Exclusive importance of the proper functioning of mt-tRNAs is illustrated by an observation that mutations in these small molecules are hotspots for mitochondrial pathogenesis, including myopathies, neurodegenerative pathologies and multisystemic disorders caused by defects in mt oxidative phosphorylation. Mutations in mt-tRNA genes contribute to the etiology of more than half of disorders caused by mutations in mt-DNA, while tRNA genes comprise only 10% of the mt genome.^1,4

Mutations in mt-tRNA genes usually result in interference with proper synthesis of mitochondrial proteins and in respiratory chain deficiencies. These mutations may result in improper maturation of the mt-tRNA molecules, in reduced ability to be charged by the cognate amino acid or in inability to decode corresponding codons (reviewed in refs. 5 and 6). Frequently these mutations reduce mt-tRNA steady-state levels, implying that there is a strict quality control of tRNA in mitochondria. In other words, mitochondria should provide some means of specifically recognizing and scavenging abnormal tRNA molecules, at the same time protecting the normal tRNAs from degradation. The mechanism underlying this quality control of mt-tRNAs has not been thoroughly investigated.
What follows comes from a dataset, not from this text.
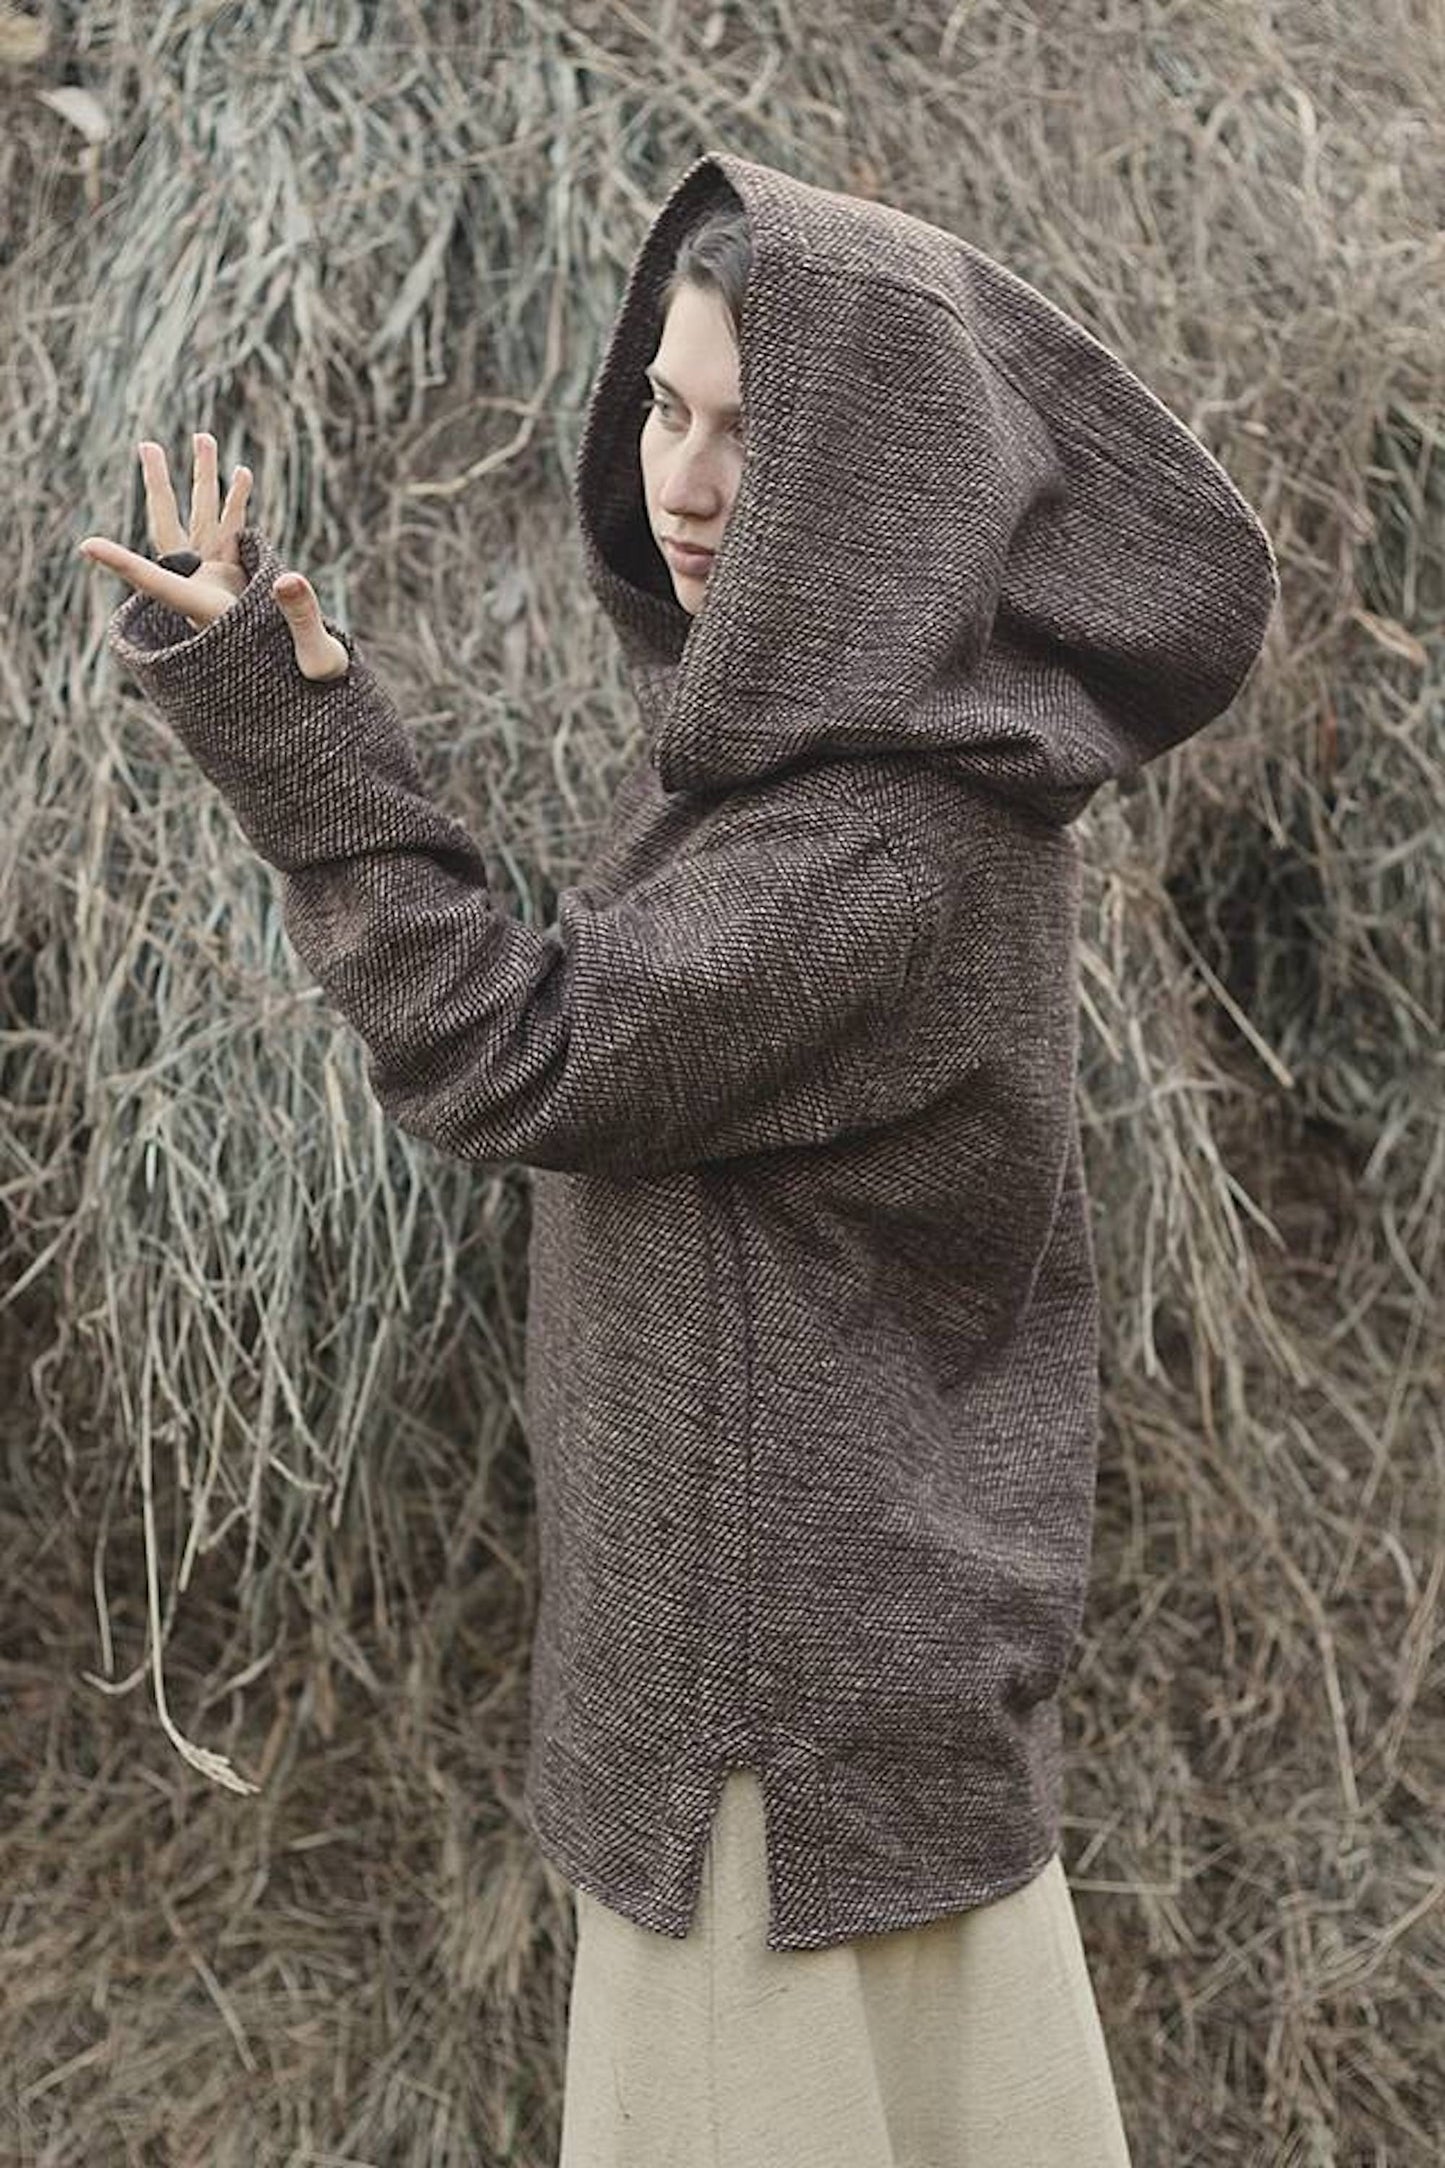 Nomad Women Pullover with Hoodie ⫸ Handwoven Hemp Wool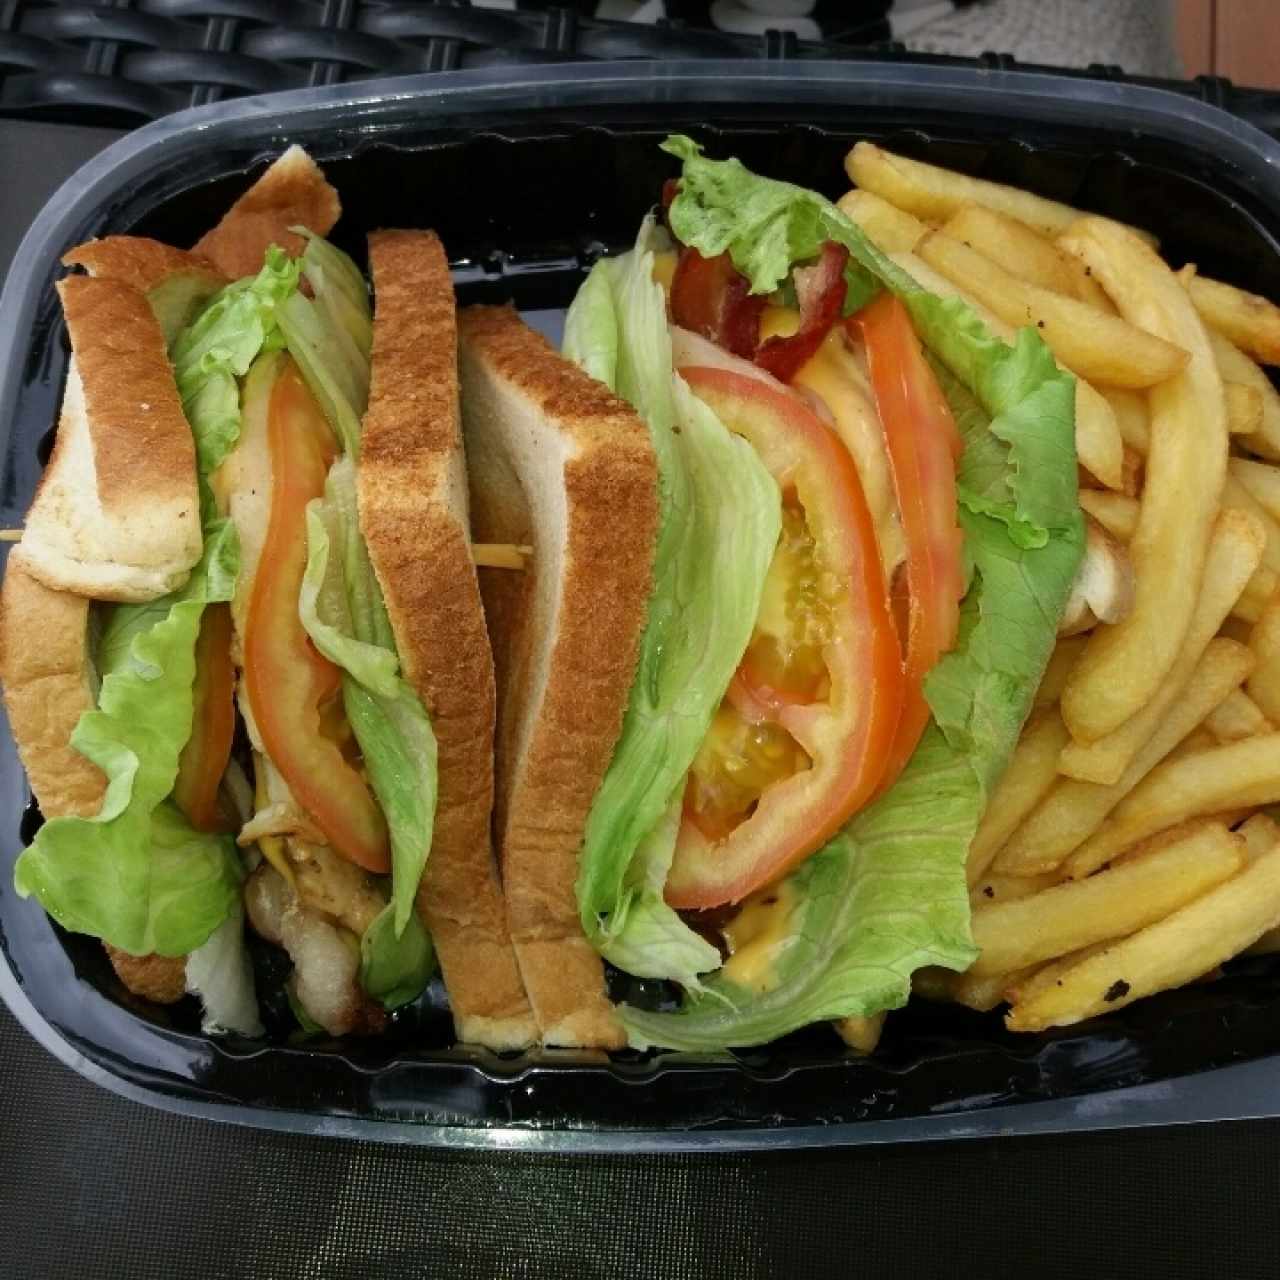 Club sandwich con papas fritas

We assume that this process can be achieved by a channeling process similar to that taking place within the cytosol, suggesting that at every step from transcription and maturation to aminoacylation and association with the ribosome, mt-tRNA exists in a complex with proteins; otherwise it is subjected to degradation. Thus, we hypothesize that increased turnover of non-aminoacylated/non-channeled mt-tRNA molecules provides a universal mechanism for the quality control of the tRNA pool within the human mitochondria.

Channeling Theory

The channeling theory was proposed by Smith in 1975 and further refined by Deutscher and coauthors.⁷ According to this theory, tRNAs aminoacylated in the cytosol are directly transferred from the aminoacyl-tRNA synthetases (ARS) to the elongation factor, and then to the ribosomes, without dissociation into the cellular matrix.⁸ The theory was later expanded to the nuclear-cytosolic channeling. tRNAs encoded and synthesized in the nucleus, where they undergo aminoacylation, are allowed to leave the nucleus if they are properly charged.^9,10 The nuclear tRNA export receptor Los1p binds the aminoacylated tRNA cargo together with RanGTP,¹¹ and this complex is then transported through the nuclear pore complex (NPC). Scyl1 collects aminoacyl-tRNAs from Los1p on the cytoplasmic side of the NPC and channels them to elongation factor which further delivers it to the ribosome.¹²

In summary, the nuclear channeling is required for tRNA maturation and aminoacylation, shipping aminoacyl-tRNA from the nucleus to the cytosol and its final delivery to the ribosome. In the cytosol, channeling mediates the transfer of de-acylated tRNA from the ribosome directly to the aminoacyl-tRNA-synthetases (ARS), then the association of aminoacylated tRNAs with elongation factor and subsequent transfer of aminoacyl-tRNAs to the ribosomes. During all these stages tRNA stays protein-bound and thus is protected from degradation.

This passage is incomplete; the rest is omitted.